Eating Maine lobster continues to come with many environmental questions.
After it was announced that climate change was affecting lobsters in the Gulf of Maine, the crustaceans have lost their “sustainable” label, according to a new report from The Washington Post. The Marine Stewardship Council said it no longer considers Maine lobster sustainable because nearly extinct whales continue to die after getting caught in fishing gear.
“We’re hopeful and look for the opportunity to work with the fishery and others to figure out how to help them move forward,” Erika Feller, a regional director of the council, told The Washington Post. “Hopefully, the fishery can regain certification.”
The current issue pertains to right whales in the North Atlantic, whose current numbers run only about 340. While these whales are also affected by climate change and boat collisions, the National Marine Fisheries Service says that entanglements in fishing gear are a leading cause of death. Because of that, the Marine Stewardship Council—which reviews fisheries to determine whether they’re well managed and unharmful to other species and ocean habitats—has downgraded Maine lobster.
Maine’s lobstermen, however, maintain that they work to reduce the possibility of entanglements and that they comply with conservation laws. And state lawmakers say that it’s unclear whether lobstering in particular is contributing to the whales’ dwindling numbers.
“This is neighbors in small communities, on islands and peninsulas that have done everything they can to harvest this resource in a responsible manner that allowed the next generation and the next generation and the next generation to have that same job,” the Maine lobsterman Steve Train told the Post.

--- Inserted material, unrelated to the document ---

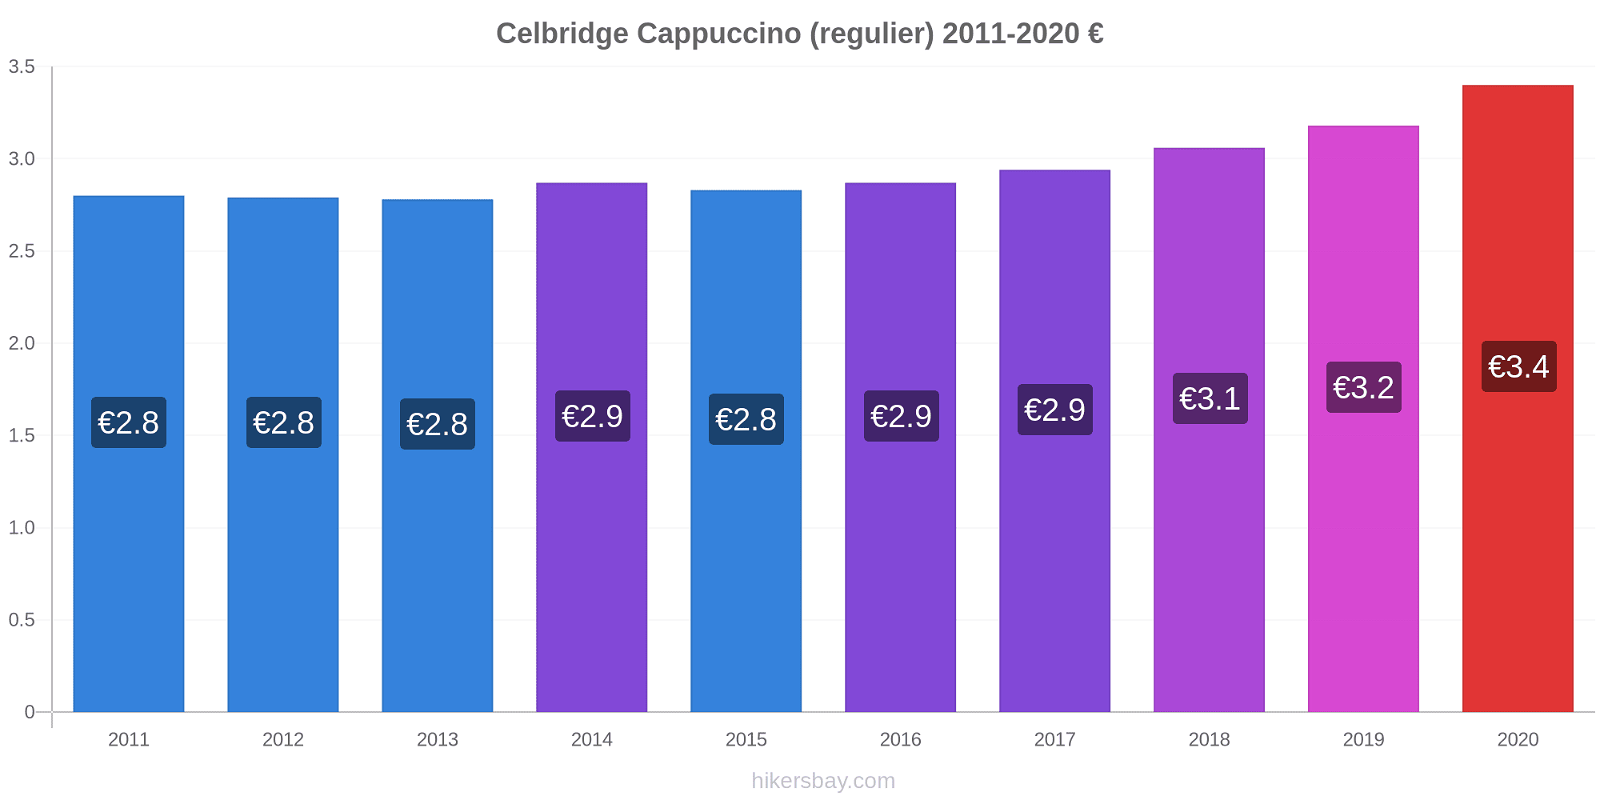 Celbridge prijswijzigingen Cappuccino (regelmatige) hikersbay.com

The labeling change comes as a blow to an industry that has been navigating choppy seas of late. Last month, the sustainability guide Seafood Watch recommended against buying lobsters that come from American or Canadian waters. And conservationists continue to push for legislation that would help save vulnerable animal communities, with the National Marine Fisheries Service pushing for a stronger conservation rule by 2024.
For now, though, it’s mostly up to diners to decide which lobsters they’ll eat. And with Maine lobster being one of the more popular stateside varieties, it’s unclear how many people will actually change their seafood habits.